Yes, you can add any attribute to a VDS.

My guess is that the linkType was historically added as a field with a target attribute so in NAPI they were in
HDF4:
https://github.com/nexusformat/code/blob/5b803b3a0014bd9759b3d846da3cd3c1cfafd7d5/src/napi4.c#L1323
and, in xml:
https://github.com/nexusformat/code/blob/5b803b3a0014bd9759b3d846da3cd3c1cfafd7d5/src/nxxml.c#L1891

Regards,
Peter




From: NeXus-committee <nexus-committee-bounces at shadow.nd.rl.ac.uk> On Behalf Of Watts Benjamin via NeXus-committee
Sent: 03 February 2025 11:00
To: Raymond Osborn <rayosborn at mac.com>; Aaron Brewster <asbrewster at lbl.gov>; Lukas Pielsticker <lukas.pielsticker at physik.hu-berlin.de>; Brockhauser Sandor <sandor.brockhauser at physik.hu-berlin.de>
Cc: NeXus Committee <nexus-committee at nexusformat.org>
Subject: Re: [NeXus-committee] Example of links

Hi Everyone,
   Thank you, Sandor, for that very informative wall of text.

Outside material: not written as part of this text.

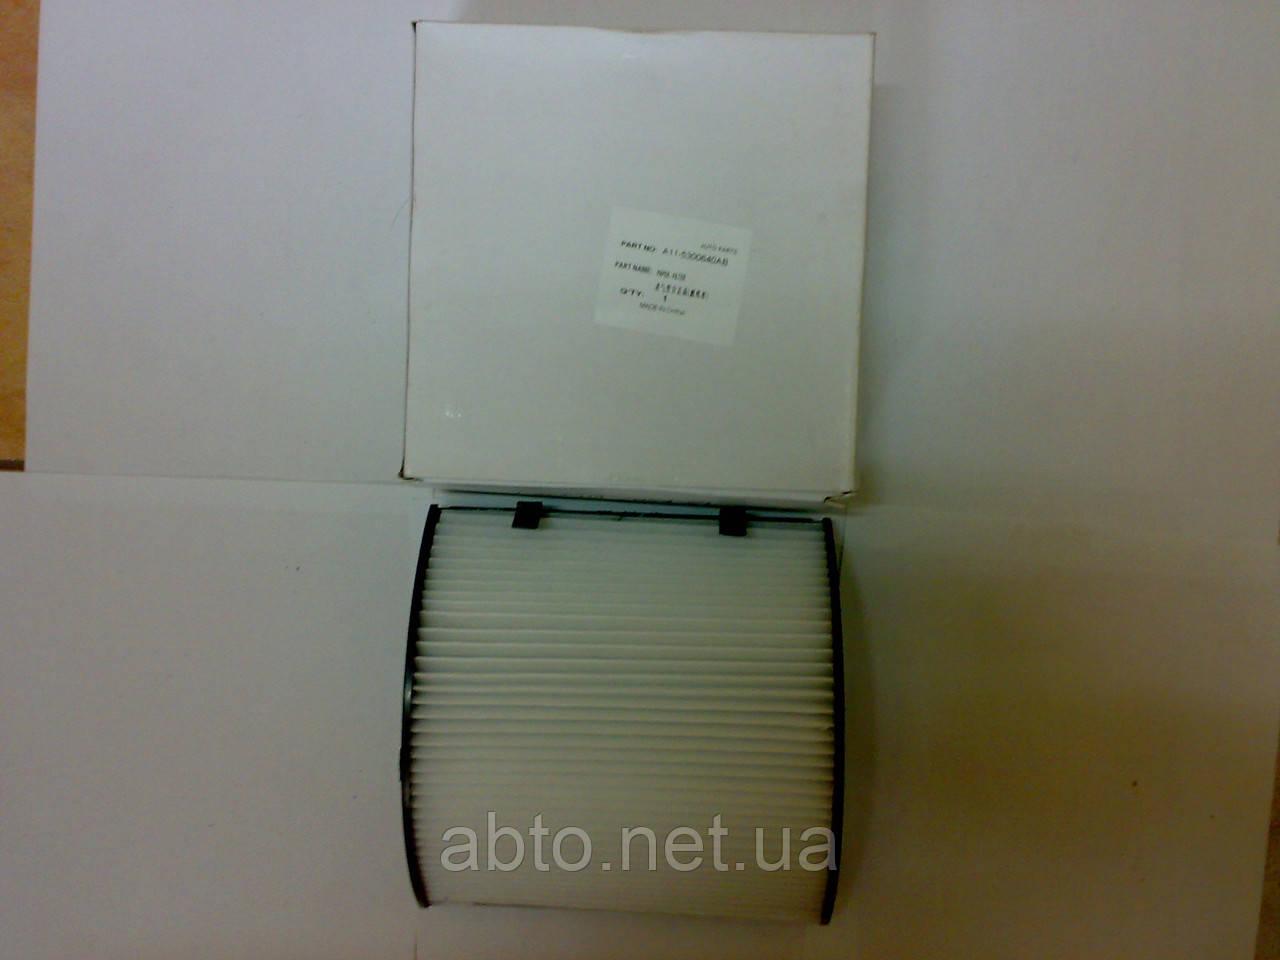 Фільтр салону, Chery Amulet A11 (Чері Амулет A11), A11-5300640AB.

I like this revisiting of links in NeXus and agree with everything that Sandor says. However, I would also like to make sure that we are considering other cases, such as:

  1.  Is the @target attribute usable with an HDF5 virtual dataset? This would have multiple data sources and so would perhaps require a list of paths in the value of the attribute?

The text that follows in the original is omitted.